创建 for 循环或函数以从数据帧创建多个热图
Creating a for loop or function to create multiple heatmaps from a dataframe
我对 python 比较陌生,所以我不太擅长 for/while 循环或函数。
基本上,我有一个如下所示的数据框:
temp | dewpoint | wind | precip_rate_hr | total_snow
-------------------------------------------------
31 20 3 0.2 2.1
29 25 12 0.01 0.7
30 30 17 0.5 4.1
... ... ... ... ...
我一直在使用 seaborne 创建热图,比较前四列,显示的两个变量之间的平均值为 total_snow。如果这听起来不对,我们深表歉意。这是我的代码:
snow_data_percentile_10_temp = np.percentile(snow_data['temp'], 10)
snow_data_percentile_50_temp = np.percentile(snow_data['temp'], 50)

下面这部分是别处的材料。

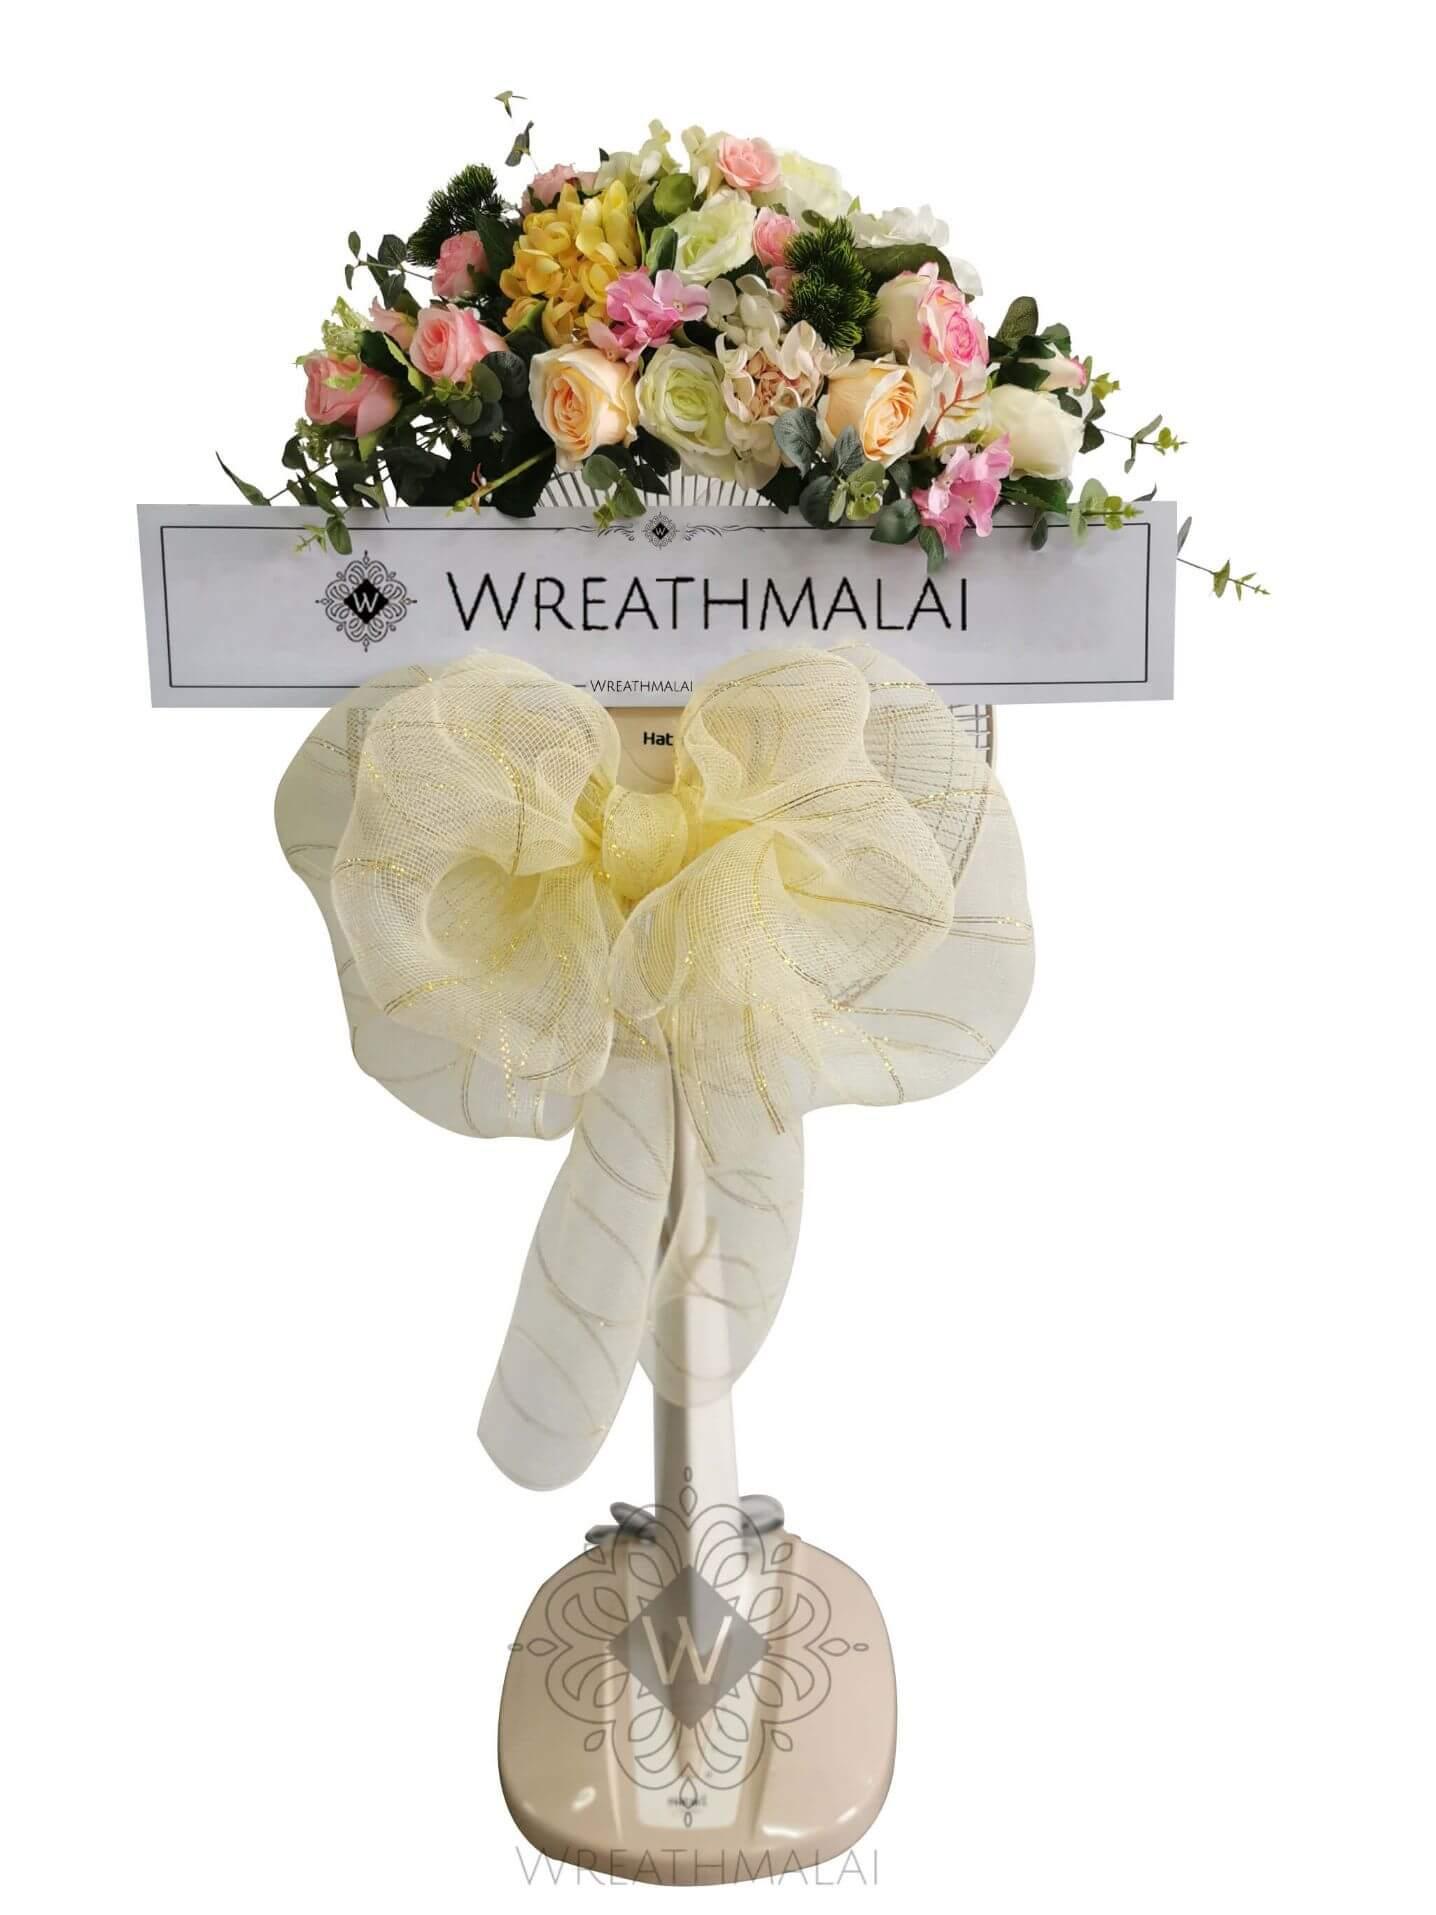 "WF019 พวงหรีด ""มณีจันทร์"" SHARP/HATARI 16 นิ้ว/18 นิ้ว เกลียวโบว์สีครีม และดอกไม้สีพาสเทลจัดช่อสวยงามด้านบน"

snow_data_percentile_75_temp = np.percentile(snow_data['temp'], 75)
snow_data_percentile_10_dewpt = np.percentile(snow_data['dewpoint'], 10)
snow_data_percentile_50_dewpt = np.percentile(snow_data['dewpoint'], 50)

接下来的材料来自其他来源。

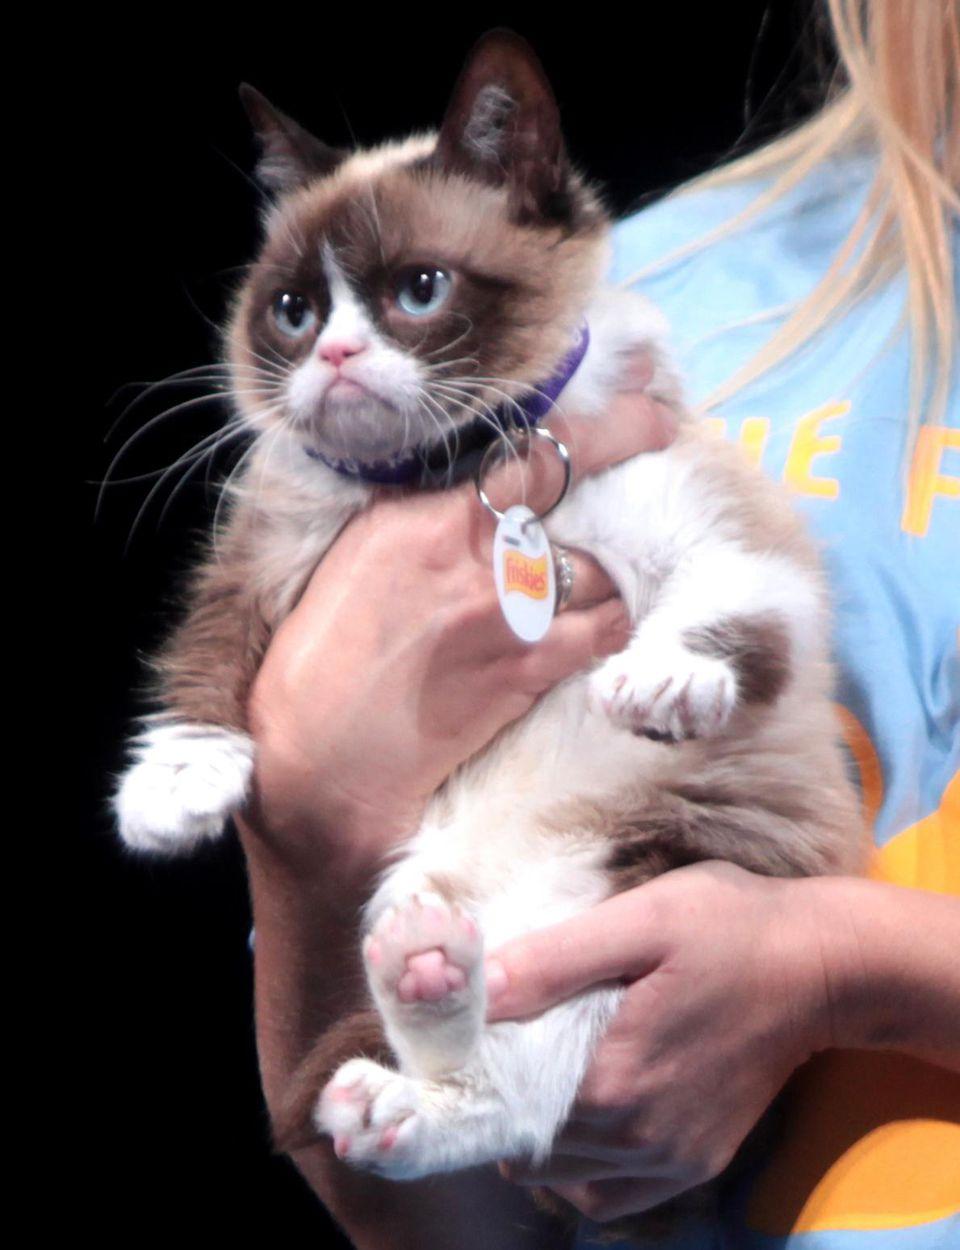 Grumpy Cat, GAGE SKIDMORE

snow_data_percentile_75_dewpt = np.percentile(snow_data['dewpoint'], 75)
snow_data['temp_bin'] = pd.cut(snow_data['temp'], [0, 10.4, 23.5, 28.75, 37], labels=['<10.4', '10.4-23.5', '23.5-28.75', '>28.75'])
snow_data['dewpt_bin'] = pd.cut(snow_data['dewpoint'], [0, 4.1, 15, 19.75, 33], labels=['<4.1', '4.1-15', '15-19.75', '>19.75'])
avg_snow = snow_data.groupby(['temp_bin','dewpt_bin'], as_index=False)['total_snow'].mean()
data_fp = avg_snow.pivot_table(index='temp_bin', columns='dewpt_bin', values='total_snow')
sns.set(font_scale=1.2)
f, ax = plt.subplots(figsize=(25,25))
sns.set(font_scale=2.0)
sns.heatmap(data_fp, annot=True, fmt='g', linewidth=0.5)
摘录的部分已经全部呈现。